Dr. Matthew Morris is a certified periodontist in Canada and the UK. He is based in Halifax, Nova Scotia, where he works at Ocean Periodontal, Victoria Road Periodontal Associates, and teaches at Dalhousie University. 

Manuel Fischer is a Master Dental Technician from Germany who has relocated to Canada and specializes in fixed denture restoration and 3D printing. 

Dr. Michael Gillis received his DDS from Dalhousie University, and his MSc in Implant Dentistry from Goethe University in Frankfurt, Germany.
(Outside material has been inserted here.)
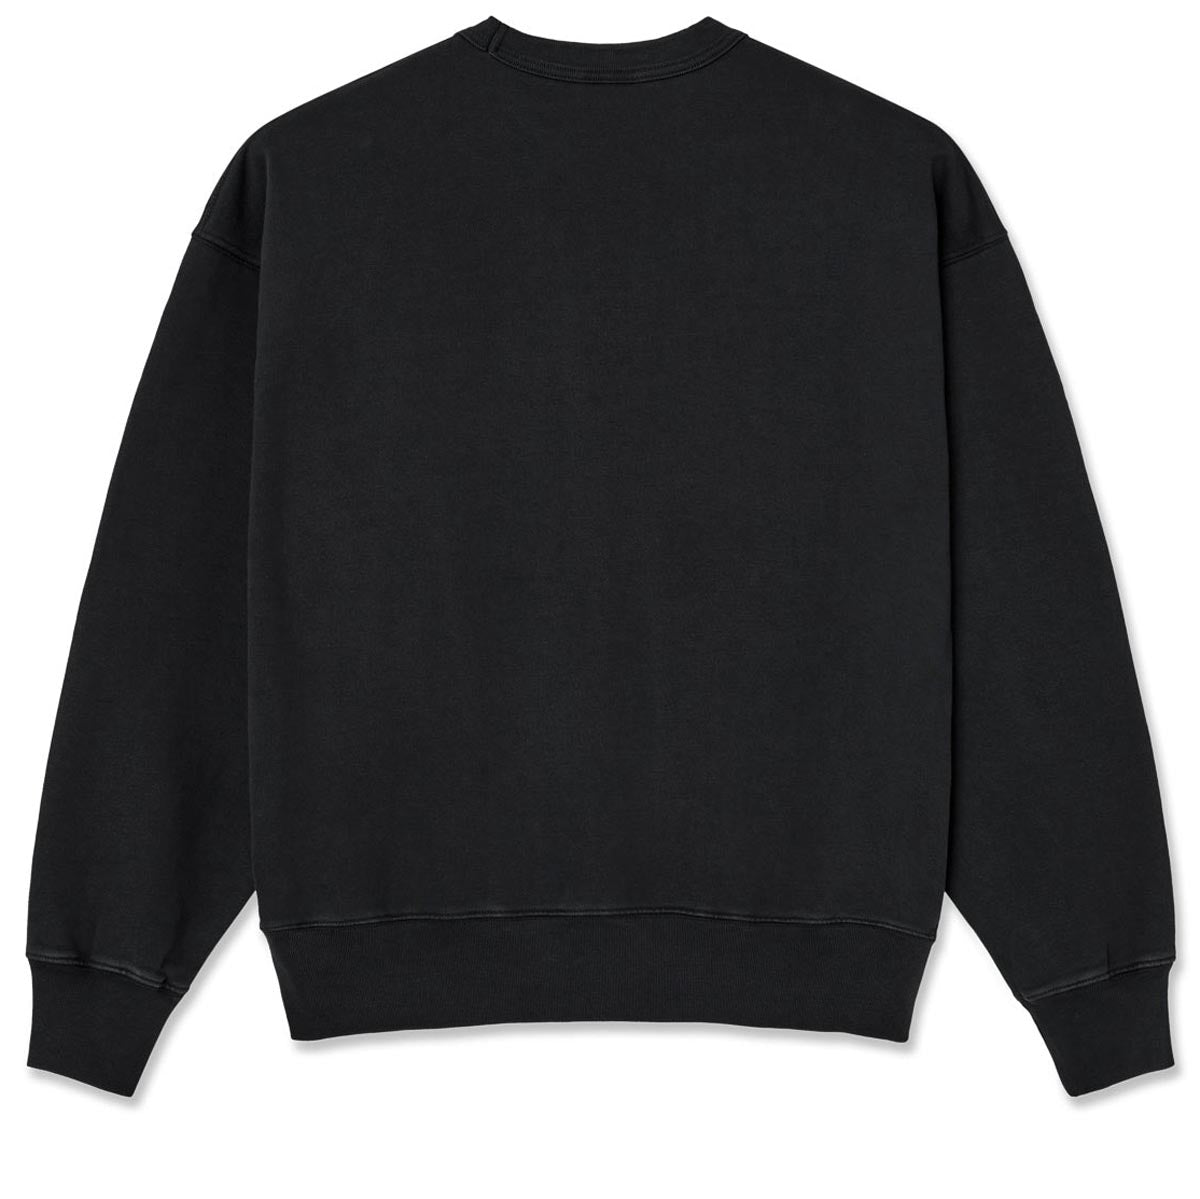 Last Resort AB LR Signature Sweater - Washed Black image 3

He maintains a practice limited to implant dentistry in Halifax. 

Dr. Zeeshan Sheikh was trained as a dental clinician, periodontist & a biomaterials scientist. He is an Assistant Professor at Dalhousie University and practices at Parklane Dental Specialists. He is a Clinical Scientist in Periodontics and a Fellow of The Royal College of Dentists of Canada, and a Diplomate of The American Board of Periodontology. 

Dr. Haider Al-Waeli is a certified Periodontist, a Fellow of the Royal College of Dentists of Canada and works as an Assistant Professor at the Faculty of Dentistry Dalhousie University. He is also an Associate Periodontist in Park Lane Dental Perio Clinic in Halifax.